== Your instructions ==
Retype the whole listing, please, keeping every line exact and dropping the pictures.

== Data extract ==

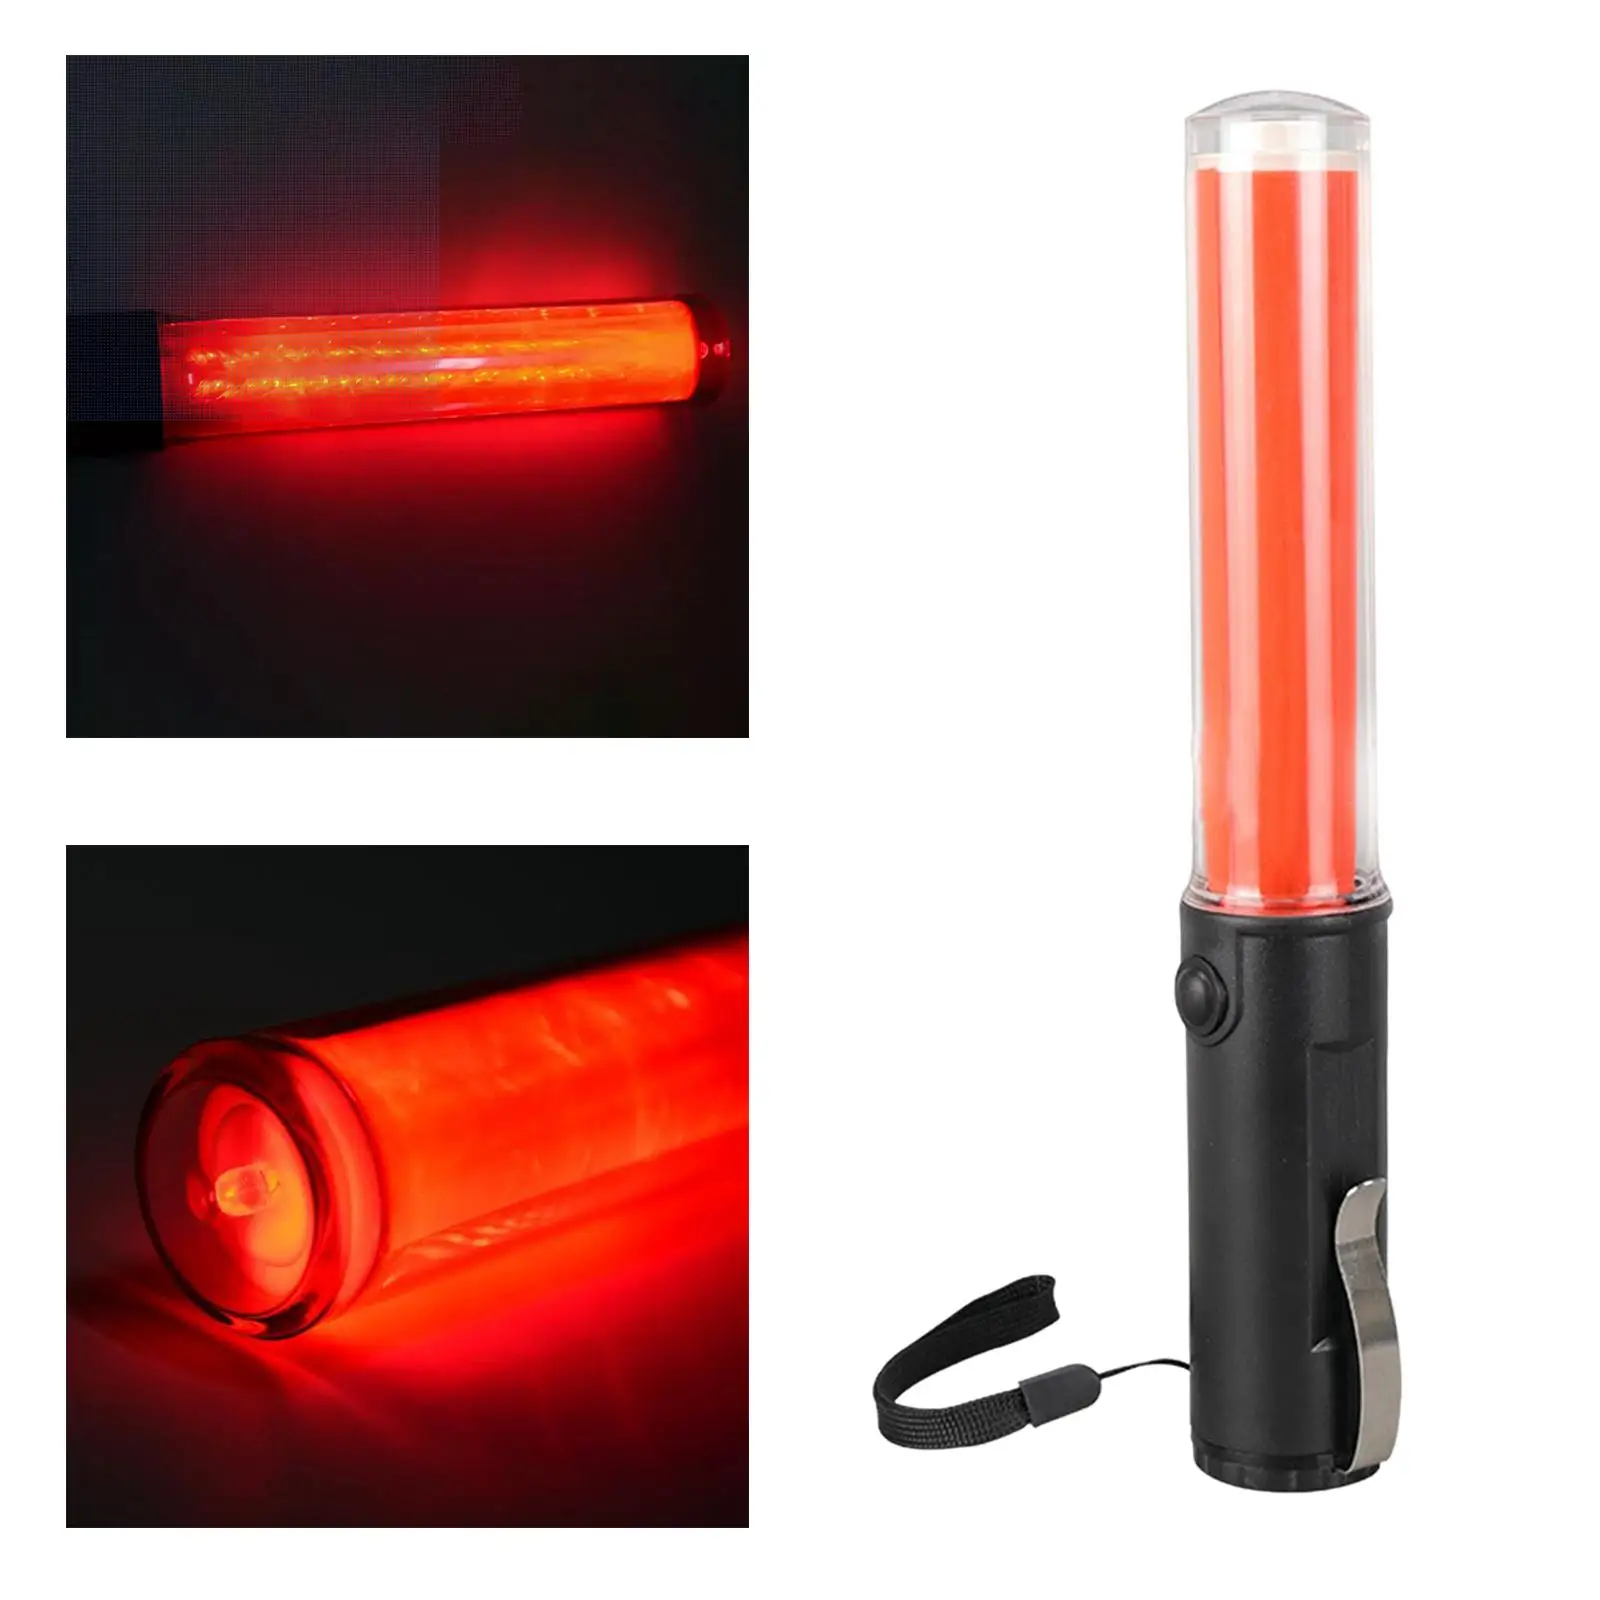 26cm Air Marshaling Signal Wand and Side Clip Design Signal Traffic Wand for Parking Guides LED Traffic Wand 3 Flashing Modes
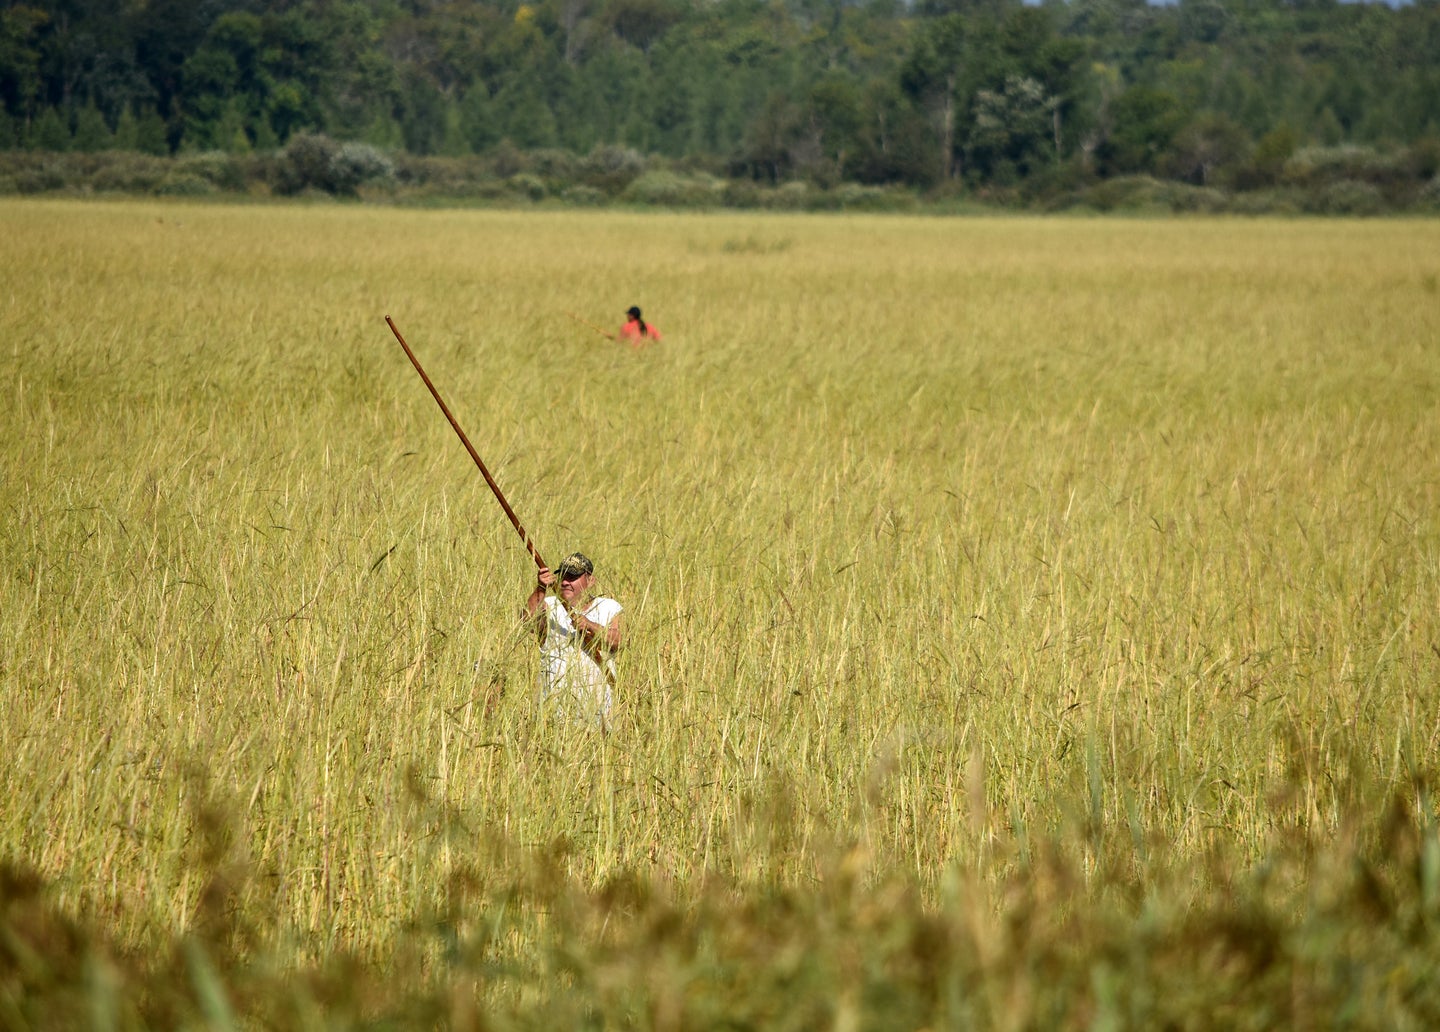 Minnesota has the largest amount of wild rice, one of North America's few native grains, by acre than any other state.
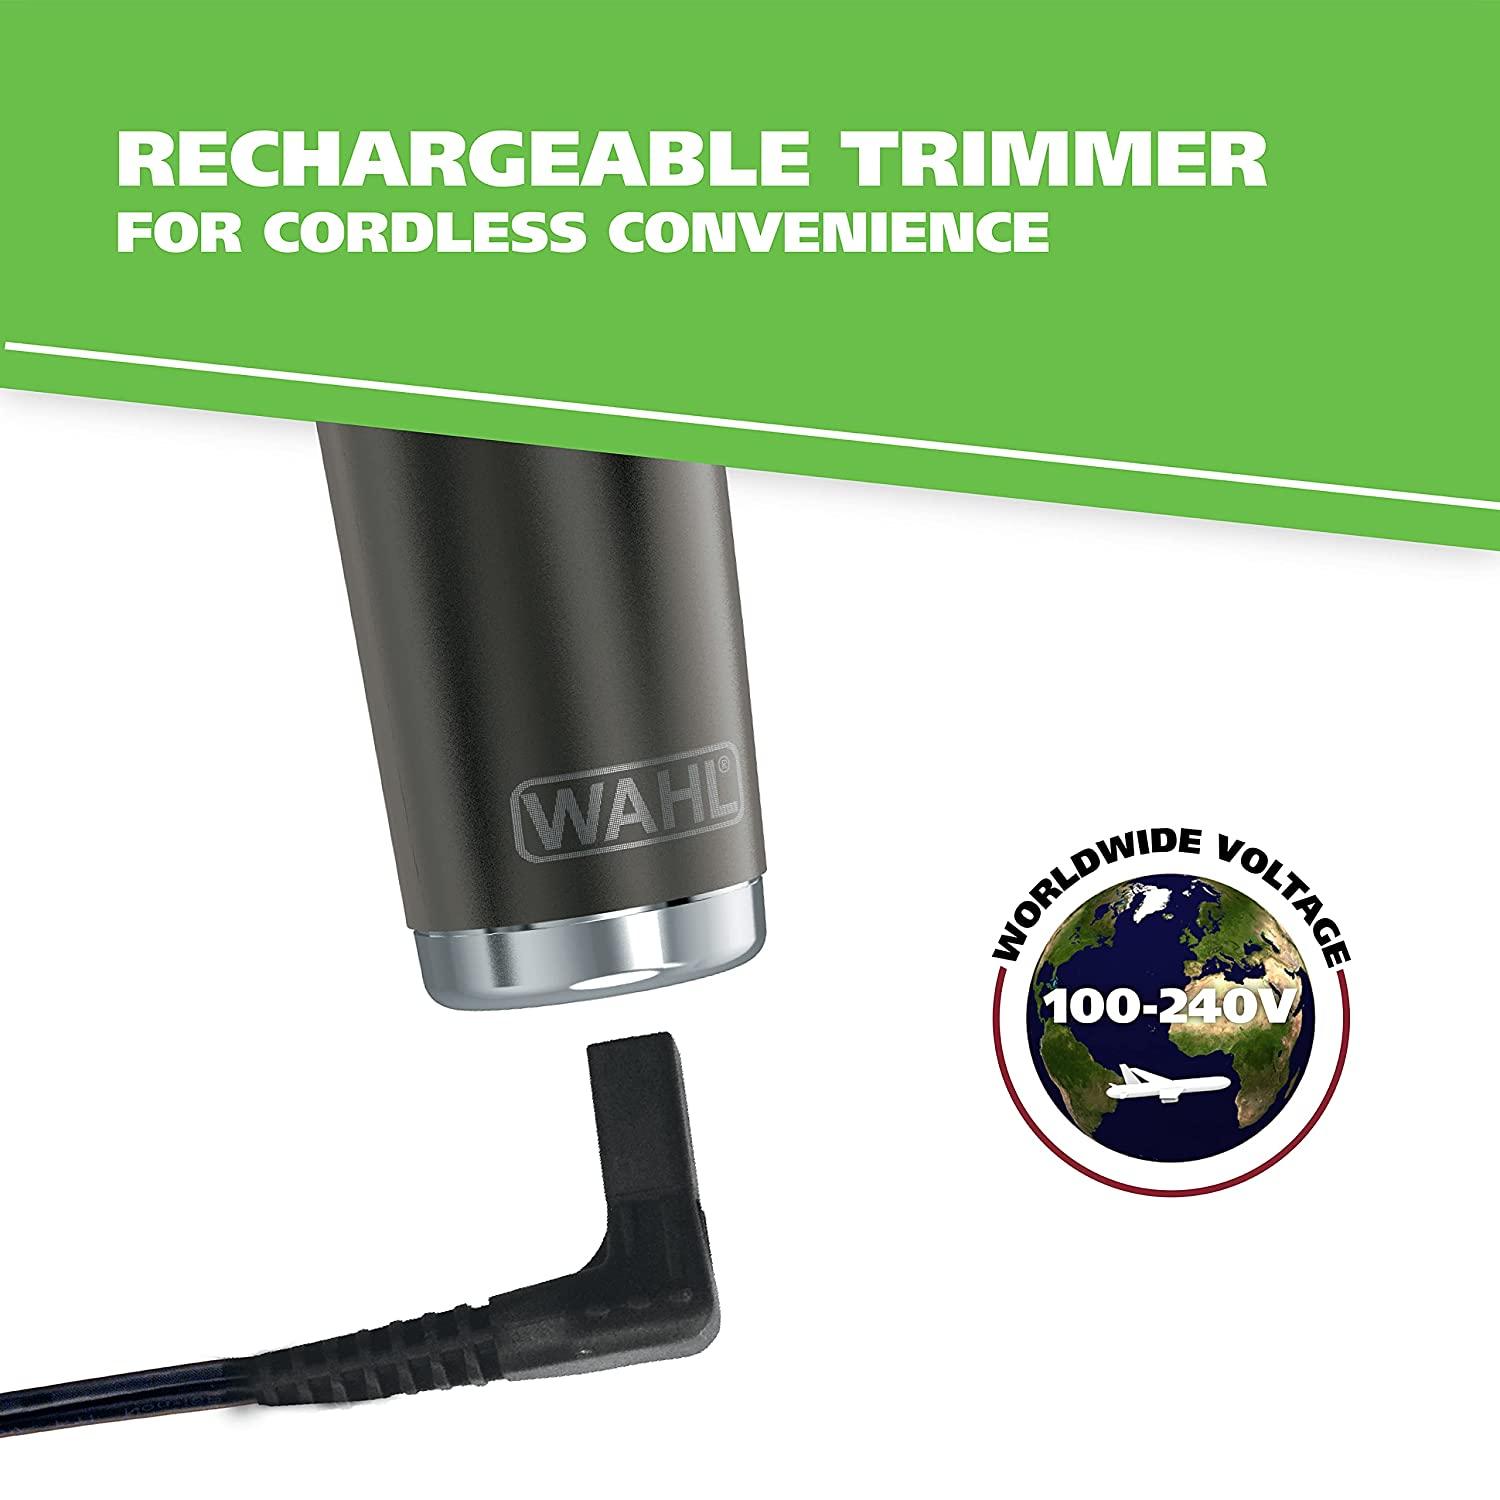 Brushed Stainless Steel Lithium-Ion 2.0 Trimmer

== Exercise output ==
 26cm Air Marshaling Signal Wand and Side Clip Design Signal Traffic Wand for Parking Guides LED Traffic Wand 3 Flashing Modes
 Minnesota has the largest amount of wild rice, one of North America's few native grains, by acre than any other state.
 Brushed Stainless Steel Lithium-Ion 2.0 Trimmer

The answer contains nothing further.